[Task directions]: Output the listing below verbatim, but drop the images.

[Dataset excerpt]:
Content starts
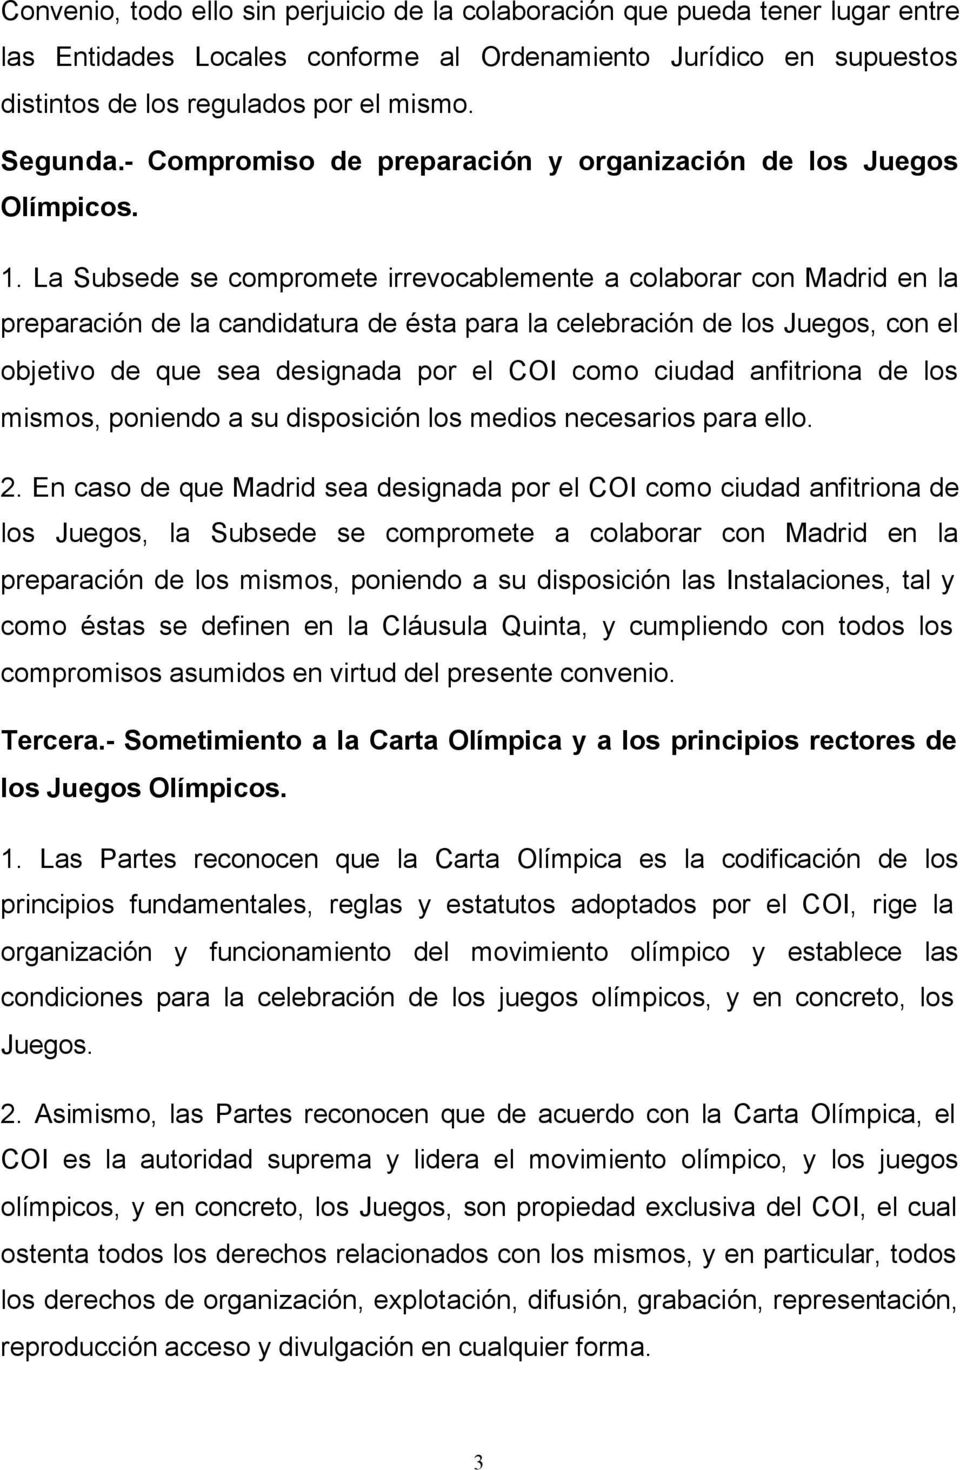 La Subsede se compromete irrevocablemente a colaborar con Madrid en la preparación de la candidatura de ésta para la celebración de los Juegos, con el objetivo de que sea designada por el COI como
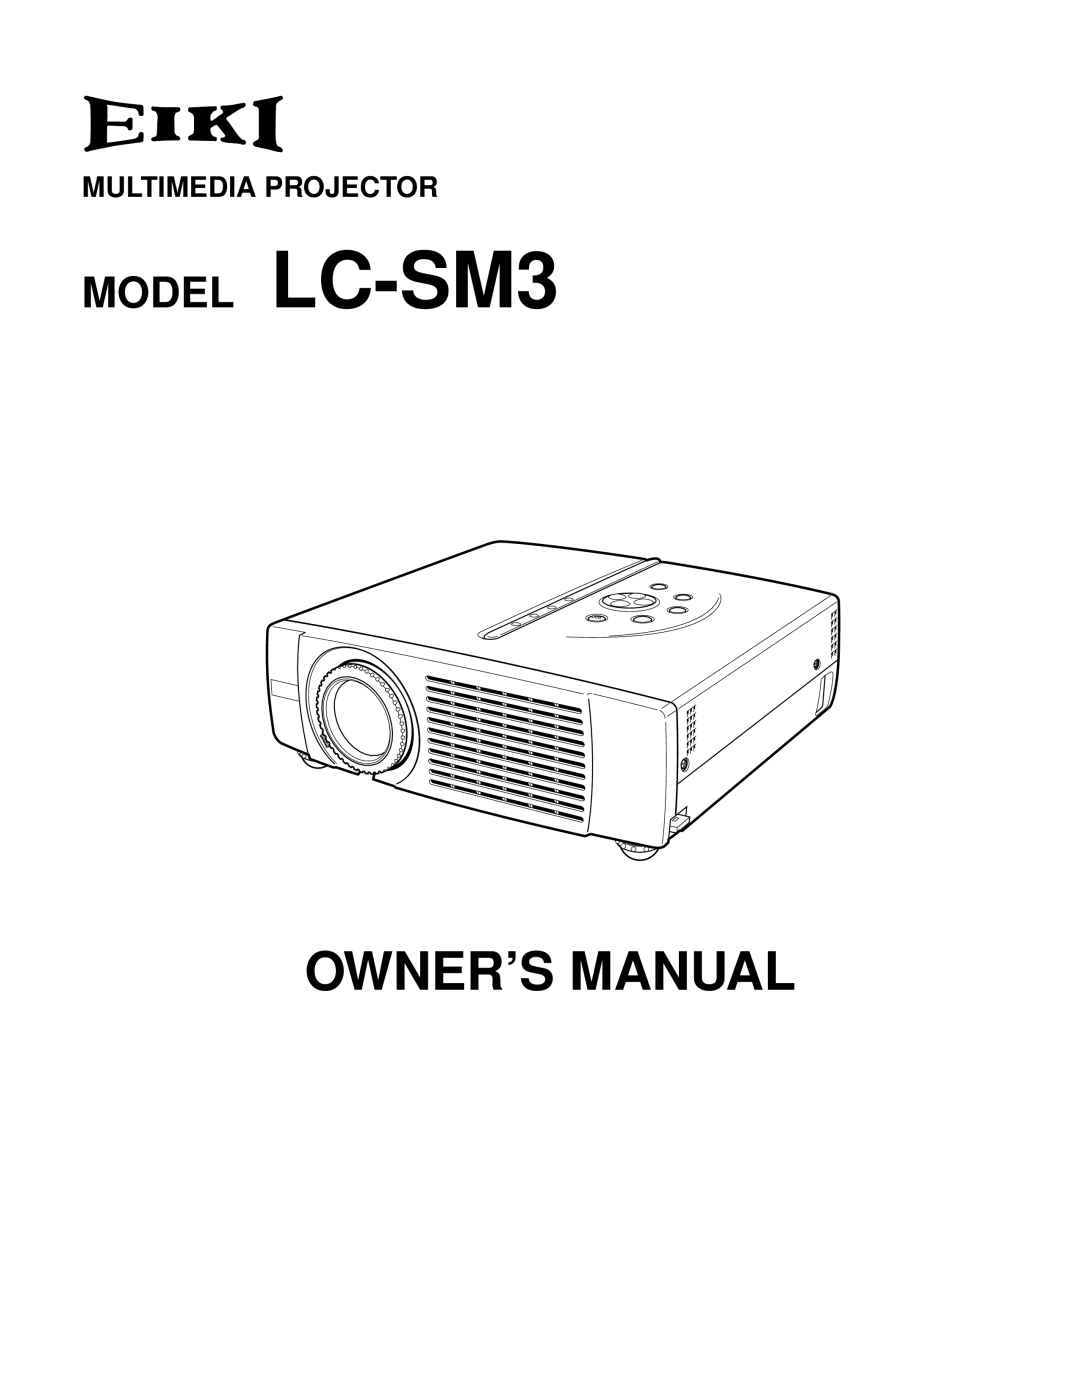 Eiki owner manual Model LC-SM3 
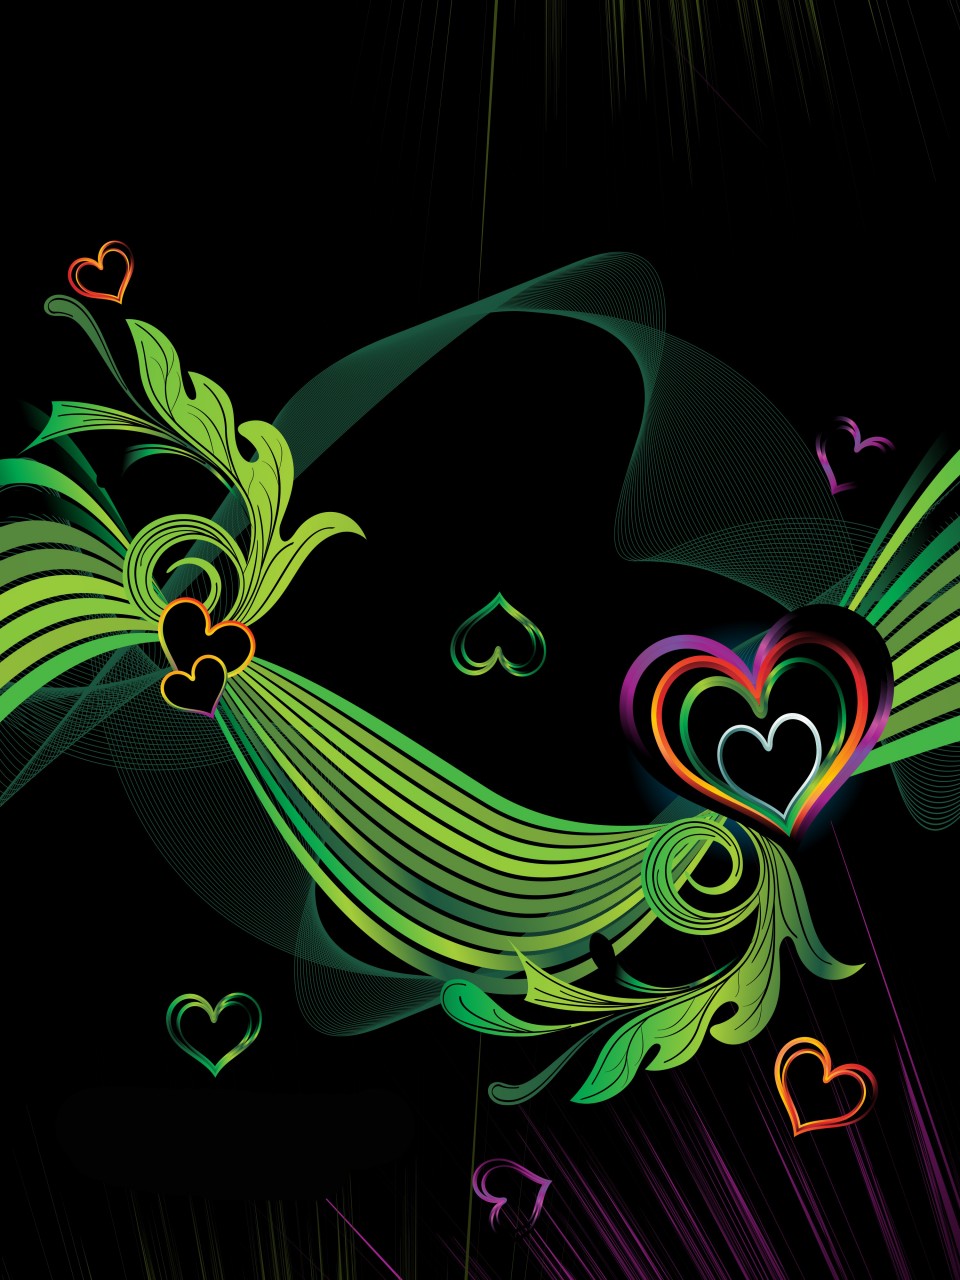 Colorful Hearts On Black Background Elsoar
Content ends
[Output below]:
 La Subsede se compromete irrevocablemente a colaborar con Madrid en la preparación de la candidatura de ésta para la celebración de los Juegos, con el objetivo de que sea designada por el COI como
 Eiki owner manual Model LC-SM3 
 Colorful Hearts On Black Background Elsoar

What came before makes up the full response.